In writing about the dogs that passed through my childhood last post I briefly raised the question of whether or not there will be animals in heaven. For this post, let me take a little more time with that question. It is not as frivolous as many suppose.
Our connection with the animals is a complex issue. I mean we eat some of them while others work for us and others are pampered pets, friends of a sort or virtually members of the family. I think it used to be more like the friendship thing and less like the next meal thing. By ‘used to’ I mean before we fell into sin and we all lived together on earth as a paradise. Perhaps I will write something more on that in a future installment. Then, there is the other end of the spectrum: the future rather than the past. Do dogs really go to heaven & etc. CS Lewis often expounded on his theory that the destiny of the animals is tied to the destiny of man who has dominion over them – long story short – As per the book of Romans, nature fell when we fell and waits for redemption along with our redemption. Ergo, Lewis concluded, the animals will make the jump to eternity on our coat tails. Another future blog post!
For now, let me just say that all our lives have been touched and shaped by the animals that pass through them. The usual suspects are dogs, cats and horses – though there are substantial minorities favoring other species! These days I am not much of a pet person. My wife’s cat and I co-exist – mostly peaceably. But in my youth it was definitely dogs – three dogs in particular.
Patty was a pure-bred Irish setter with a big long certified birth name I no longer recall. He arrived as a Christmas Puppy for my mother who had long admired the breed. Patty was a moron. He was forever doing things like getting his head stuck in the hand-hole for unlocking the sliding barn door.

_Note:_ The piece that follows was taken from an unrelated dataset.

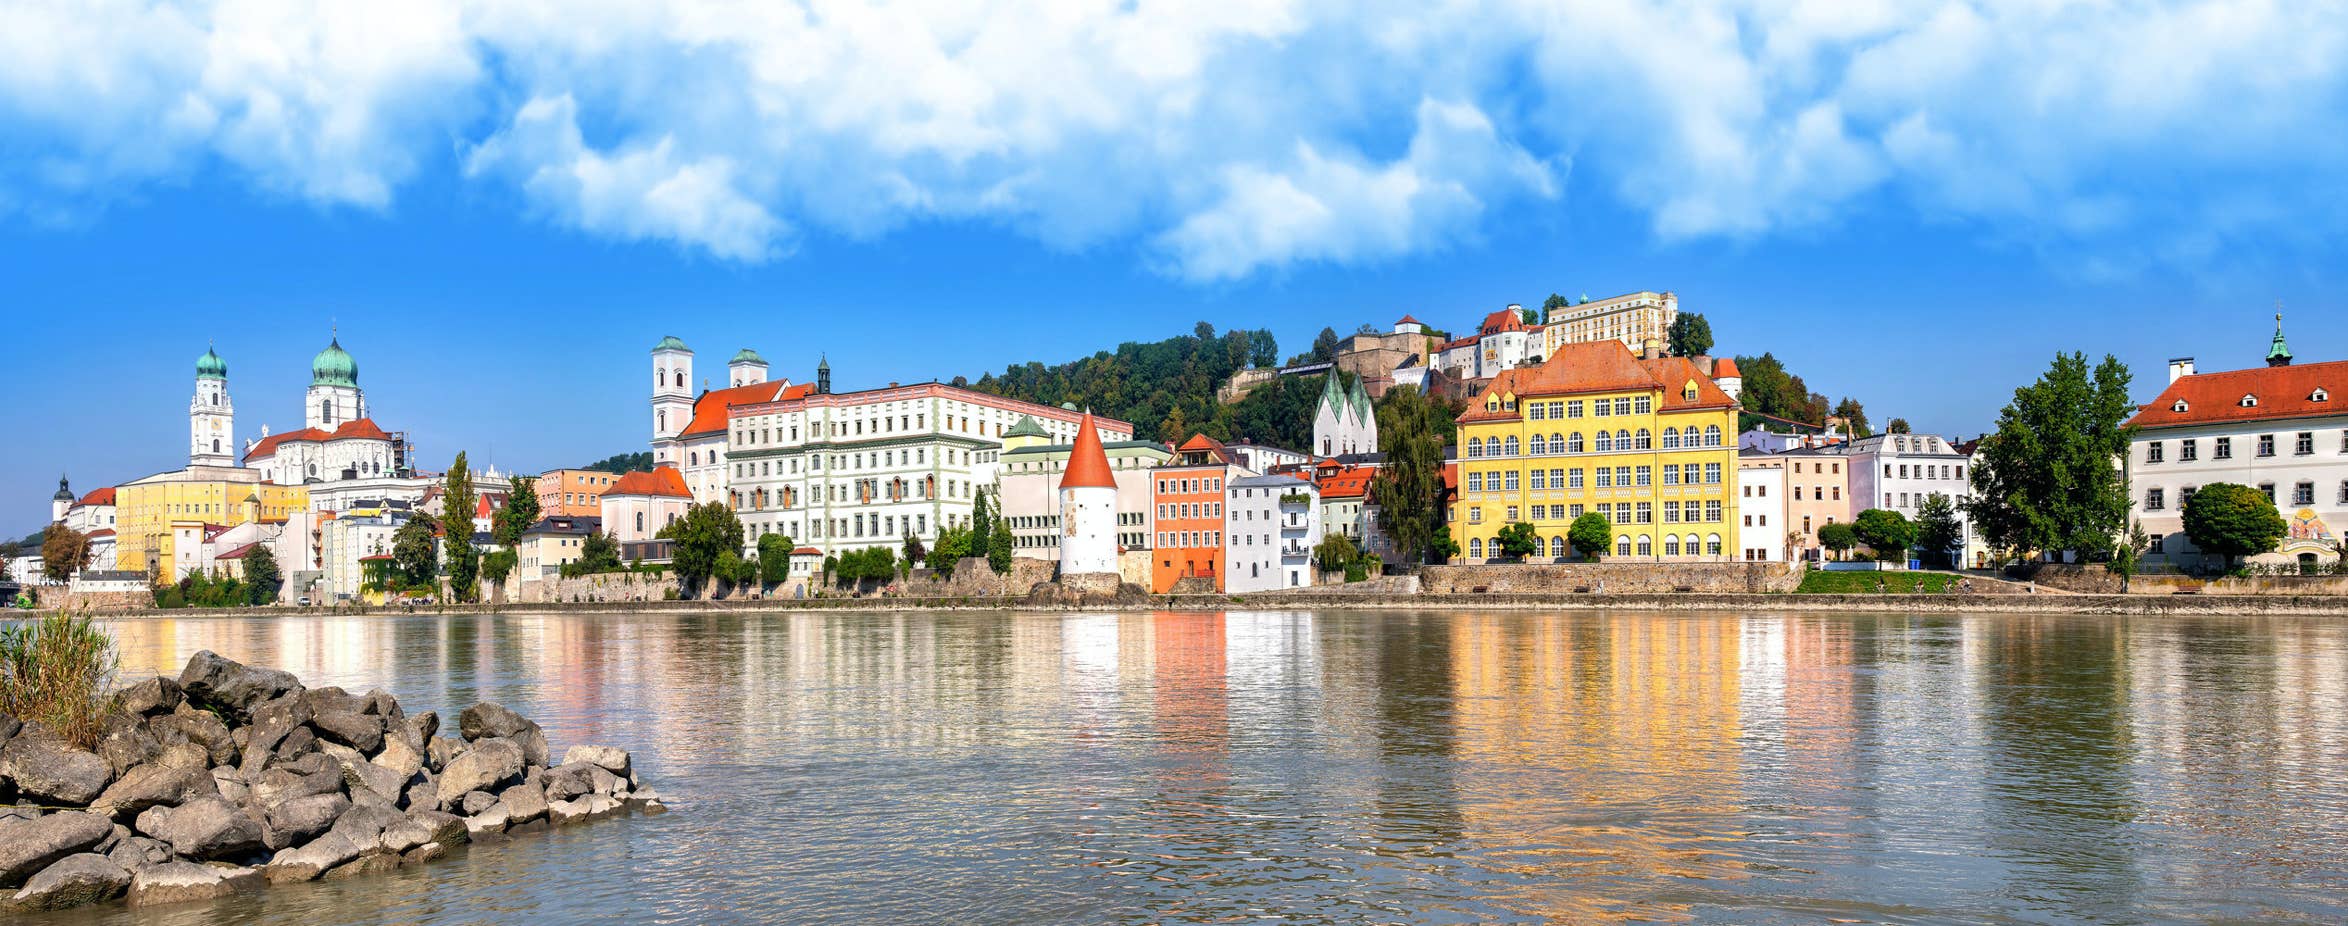 Passau on the Inn

Let me assure you that easing a frantic Irish Setter’s head back through such a hole is a task. But such incidents took place because you pretty much had to lock Patty in the barn if you wanted to go anywhere. We were hunters and hunting was, I suppose, in Patty’s blood. But his idea of hunting was to run back and forth across the woods with much loud crashing and thrashing and, if you forgot for a moment to hold it up too high, suck on the end of your gun barrel as though it were a soda straw. He loved the smell of gun powder. Patty also loved to accompany the tractor and trailer on wood-cutting expeditions. And when he attracted the negative attention of other dogs along the way, to run underneath the moving tractor with the neighbor dogs darting in and out. This necessitated stopping, breaking up the dog-fight and putting Patty in the trailer, tied to the spare tire – which was no guarantee he still wouldn’t jump back out and end up running alone beside the trailer on back paws only. Patty frequently went to war with bees, snapping them out of the air – and getting stung until his mouth got too swollen to carry on. Always a drooler, with a mouth full of bee venom patty left puddles fit for wading. There’s more. Suffice it to say Patty had character and enthusiasm and needed constant watching over. He made me laugh and made me more responsible.
Spot was a Dalmatian/Mutt mix. When we moved from town to the farm, dad got Spot from a litter at my Great Grandfather’s farm. (Grandpa Ros kept pure Dalmatians and wasn’t overly attached to the ‘accidents’.) Spot got along with everyone as long as it was all fun and games. He liked playing with us kids though he could play kind of rough. And as he grew he became a marauder, single handedly wiping out the little flock of Muscovy Ducks that lived on the farm when we arrived. Soon after, Spot turned his attention to our White Rock Chickens. When you locked Patty in the barn he only whined and got his head stuck in the hand-hole. Any effort to discipline Spot or put him somewhere he didn’t want to go ended with his backing into a corner growling and ready to defend his liberty with teeth. Dad worked hard with Spot but the end came as it probably mush have soon anyway. Spot was also an inveterate car chaser and one week while I was away at church camp, Spot was run over. The lessons I learned from Spot were somewhat different from those I learned from Patty but I was sorry Spot was gone and wished he could have learned better and, perhaps, that I could have helped him more.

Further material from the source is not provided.